Anthropic¶
Anthropic offers many state-of-the-art models from the haiku, sonnet, and opus families.
Read on to learn how to use these models with LlamaIndex!
If you're opening this Notebook on colab, you will probably need to install LlamaIndex 🦙.
%pip install llama-index-llms-anthropic
Set Tokenizer¶
First we want to set the tokenizer, which is slightly different than TikToken. This ensures that token counting is accurate throughout the library.
NOTE: Anthropic recently updated their token counting API. Older models like claude-2.1 are no longer supported for token counting in the latest versions of the Anthropic python client.
from llama_index.llms.anthropic import Anthropic
from llama_index.core import Settings
tokenizer = Anthropic().tokenizer
Settings.tokenizer = tokenizer
Basic Usage¶
import os
os.environ["ANTHROPIC_API_KEY"] = "sk-ant-..."
You can call complete
with a prompt:
from llama_index.llms.anthropic import Anthropic
# To customize your API key, do this
# otherwise it will lookup ANTHROPIC_API_KEY from your env variable
# llm = Anthropic(api_key="<api_key>")
llm = Anthropic(model="claude-3-7-sonnet-latest")

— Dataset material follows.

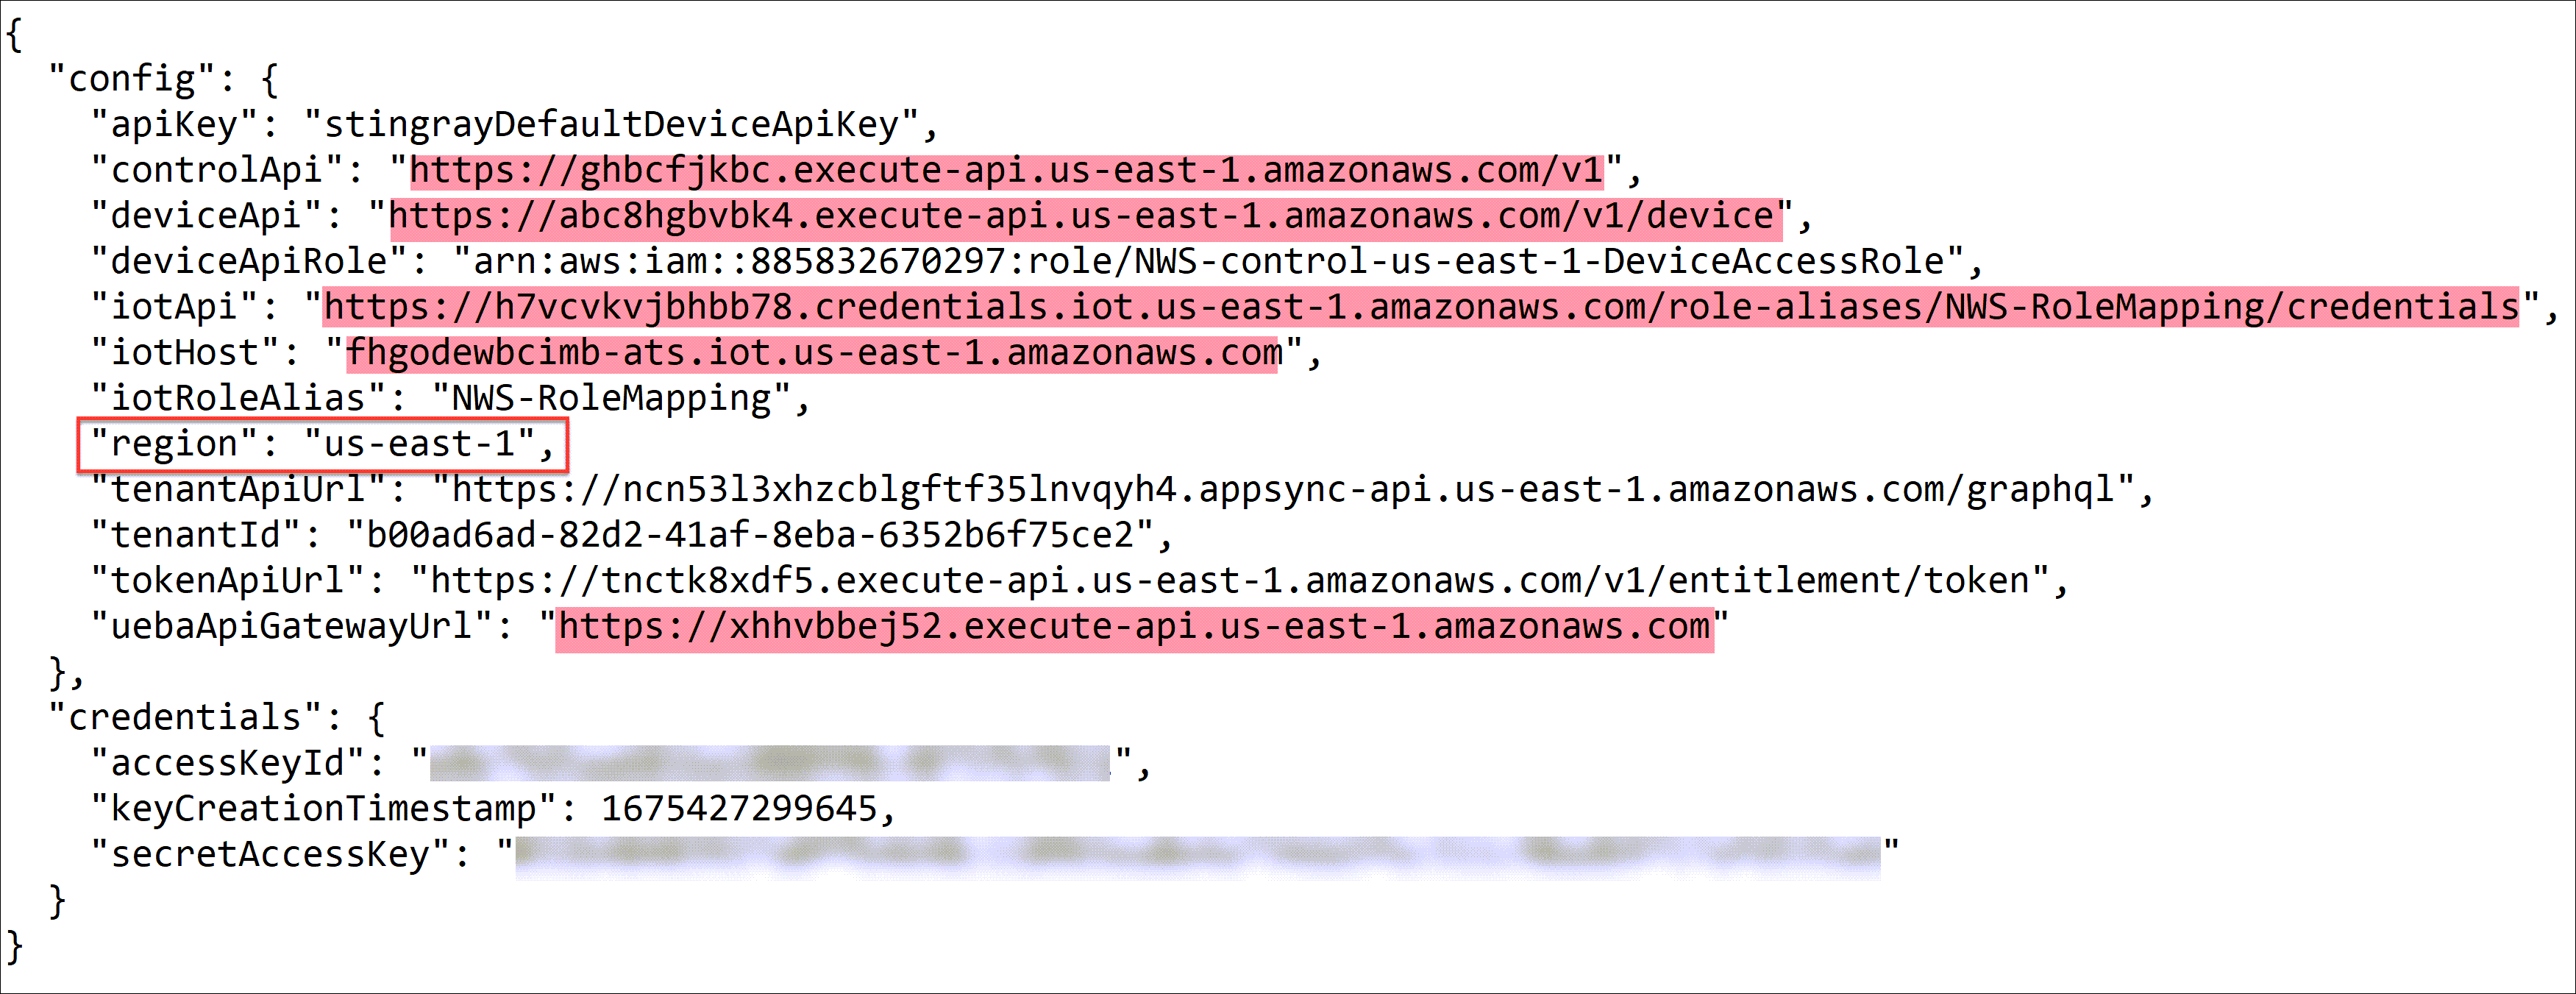 find out the highlighted domains that must be whitelisted for this deployment
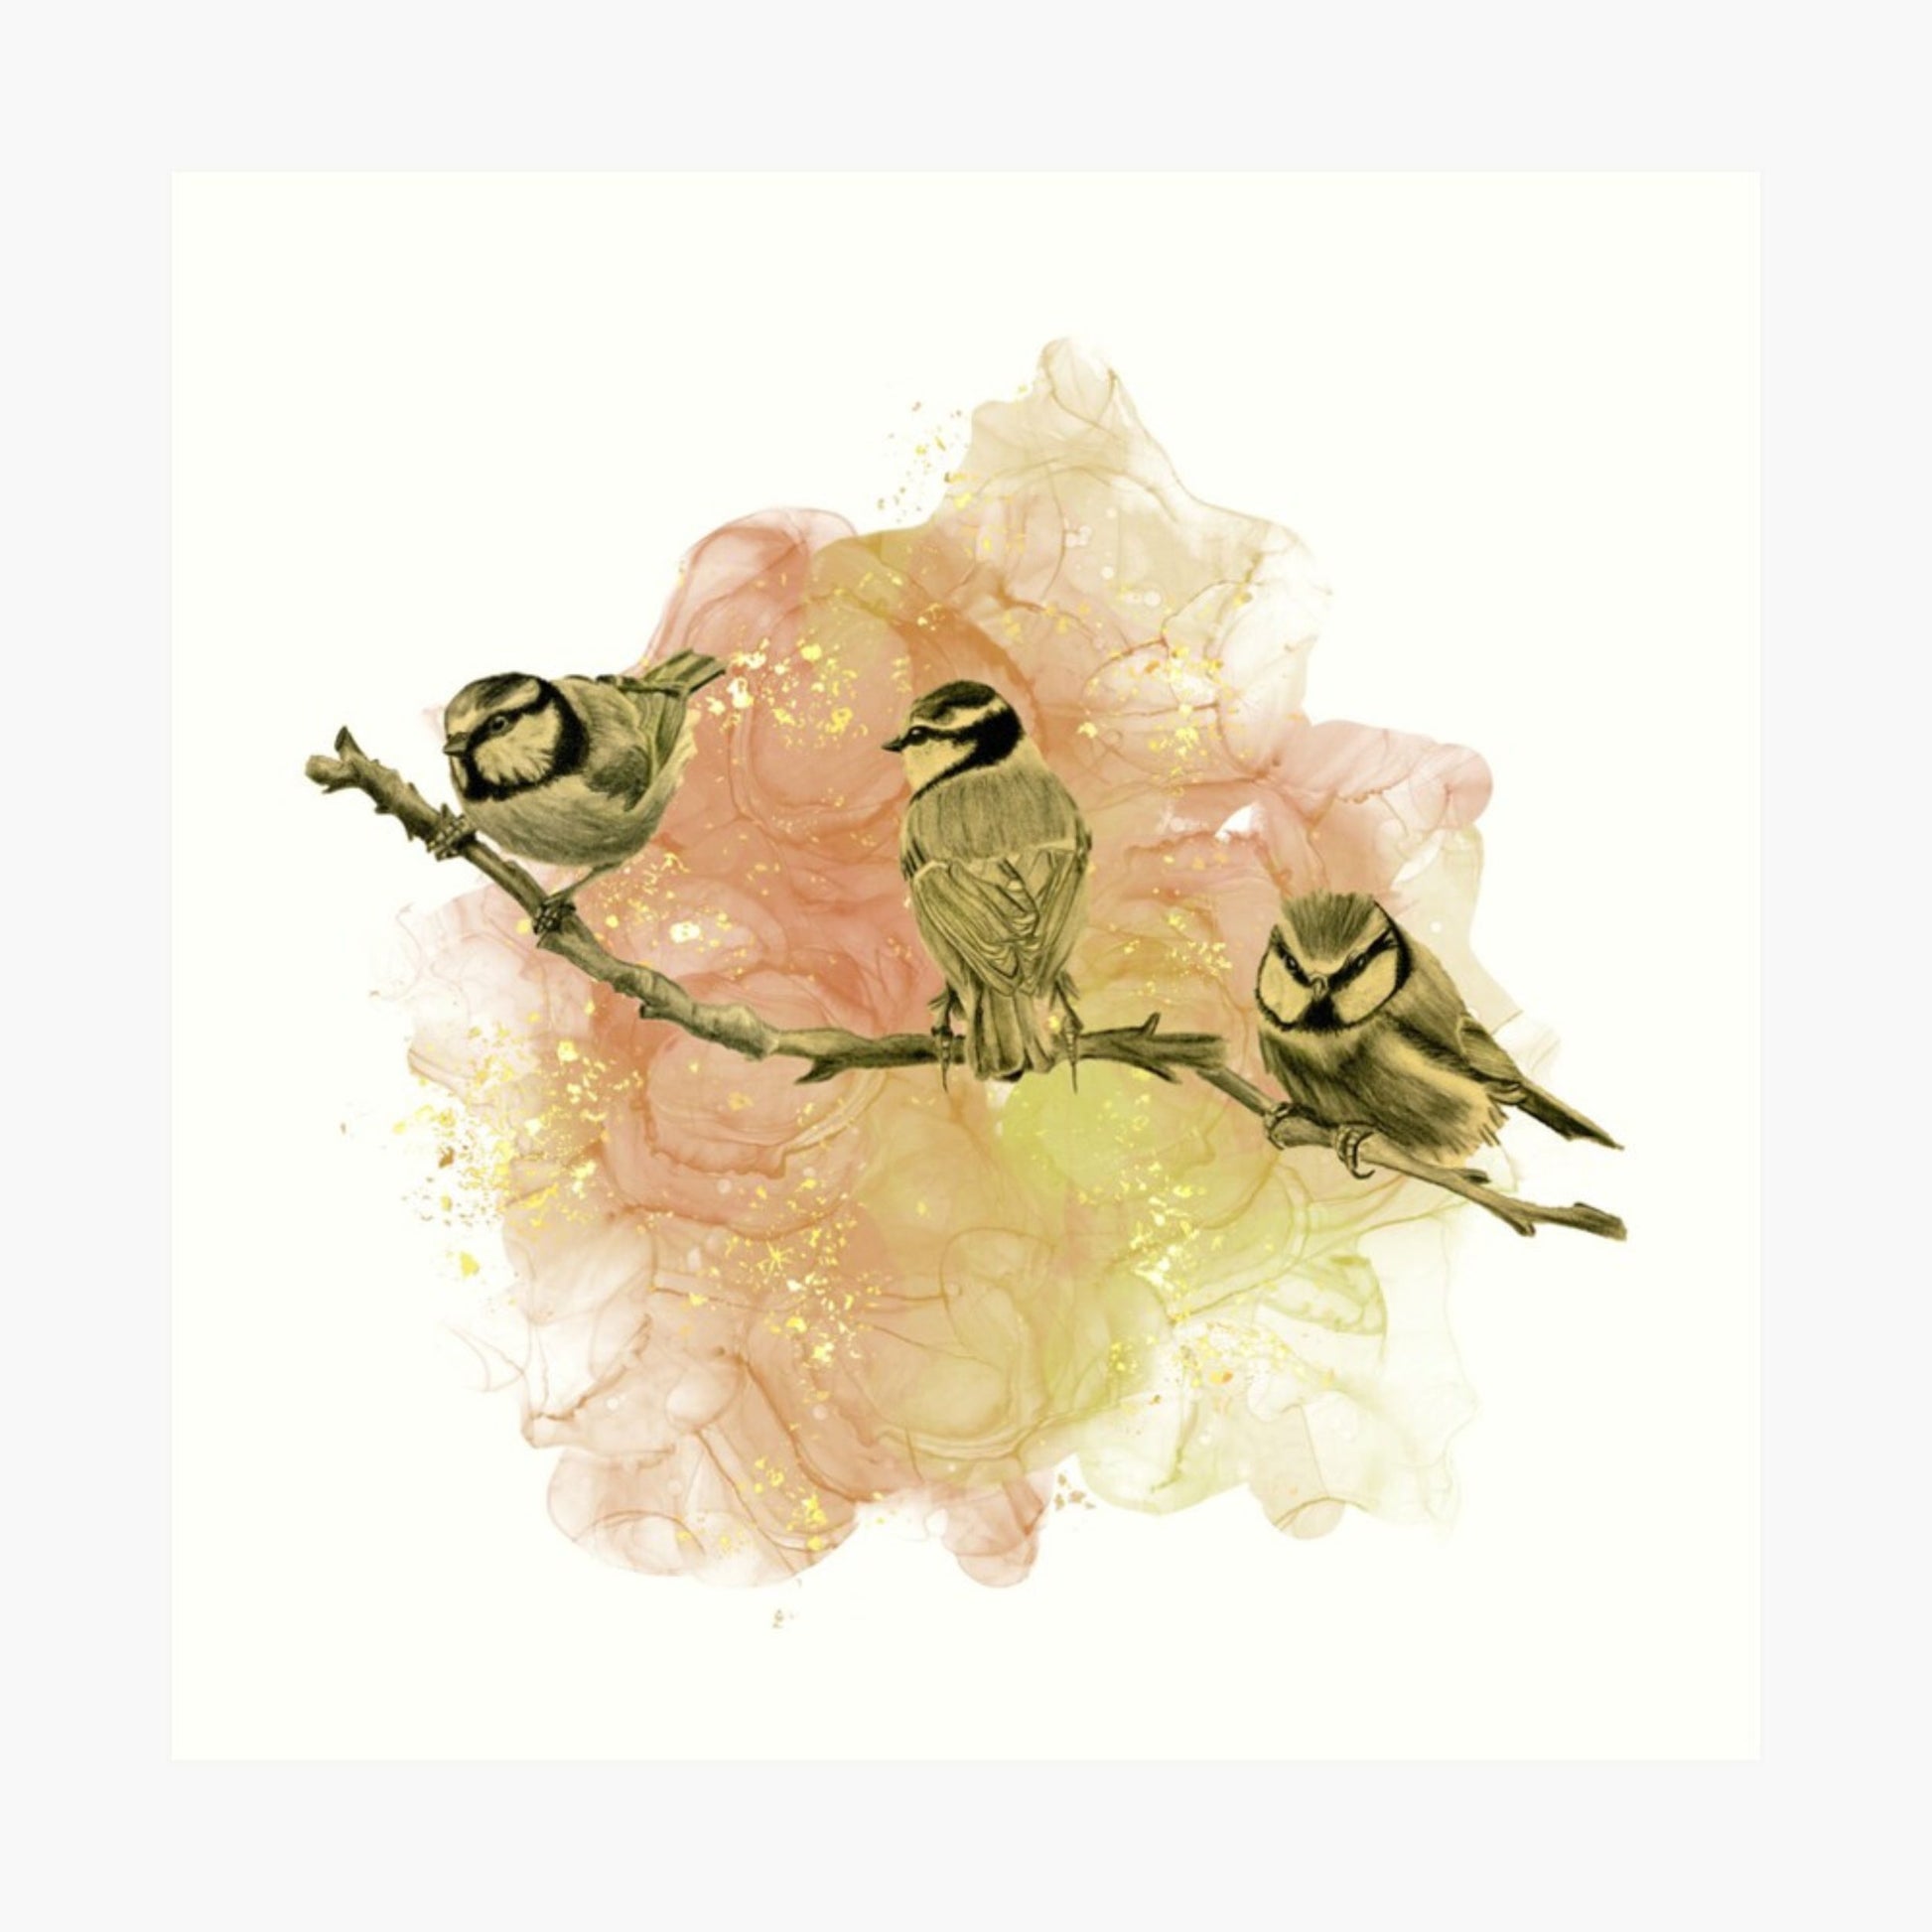 "Golden Blue Tits." This limited edition art print captures the essence of elegance and natural beauty in every intricate detail.

resp = llm.complete("Who is Paul Graham?")
print(resp)
Paul Graham is a computer scientist, entrepreneur, venture capitalist, and essayist. He co-founded Viaweb (one of the first web application companies, later sold to Yahoo! and became Yahoo! Store), and later co-founded Y Combinator, an influential startup accelerator that has helped launch companies like Airbnb, Dropbox, Stripe, and Reddit. Graham is also well-known for his essays on technology, startups, and programming, which are published on his website. He created the Lisp dialect called Arc, and authored books including "On Lisp," "ANSI Common Lisp," and "Hackers & Painters." He has a PhD in Computer Science from Harvard and studied painting at the Rhode Island School of Design and in Florence, Italy.
You can also call chat
with a list of chat messages:
from llama_index.core.llms import ChatMessage
from llama_index.llms.anthropic import Anthropic
messages = [
ChatMessage(
role="system", content="You are a pirate with a colorful personality"
),
ChatMessage(role="user", content="Tell me a story"),
]
llm = Anthropic(model="claude-3-7-sonnet-latest")
resp = llm.chat(messages)
print(resp)
assistant: # THE TREASURE OF CRIMSON COVE *Arrr, gather 'round, ye curious soul, for I be havin' a tale that'll chill yer very bones!* 'Twas fifteen years ago when me and me crew aboard the Salty Vengeance caught wind of a treasure most rare - the Sapphire of Poseidon, said to control the very tides themselves! The map came to me hands after a particularly spirited game o' cards with a one-eyed merchant who'd had far too much rum. We set sail under the cover of a moonless night, navigatin' by stars alone to reach the dreaded Crimson Cove - a place where the water turns red as blood when the sun sets, on account of the strange coral beneath the waves. Three days into our journey, the skies turned black as pitch! A storm like none I'd ever seen! Waves tall as mountains threatened to swallow us whole! "HOLD FAST, YE MANGY DOGS!" I bellowed over the howlin' winds. When we finally reached the cove, half me crew was convinced the treasure was cursed. Bah! Superstitious bilge rats! But I'll not be lyin' to ye... when we found that hidden cave behind the waterfall, and saw them skeletons arranged in a circle 'round an empty chest... well, even ME beard seemed to tremble of its own accord! The real treasure weren't no sapphire at all, but a map to somethin' far greater... somethin' I still be searchin' for to this very day! *Leans in closer, voice dropping to a whisper* And perhaps, if ye prove yerself worthy, I might be persuaded to let ye join the hunt! HARR HARR HARR!
Streaming Support¶
Every method supports streaming through the stream_
prefix.
from llama_index.llms.anthropic import Anthropic
llm = Anthropic(model="claude-3-7-sonnet-latest")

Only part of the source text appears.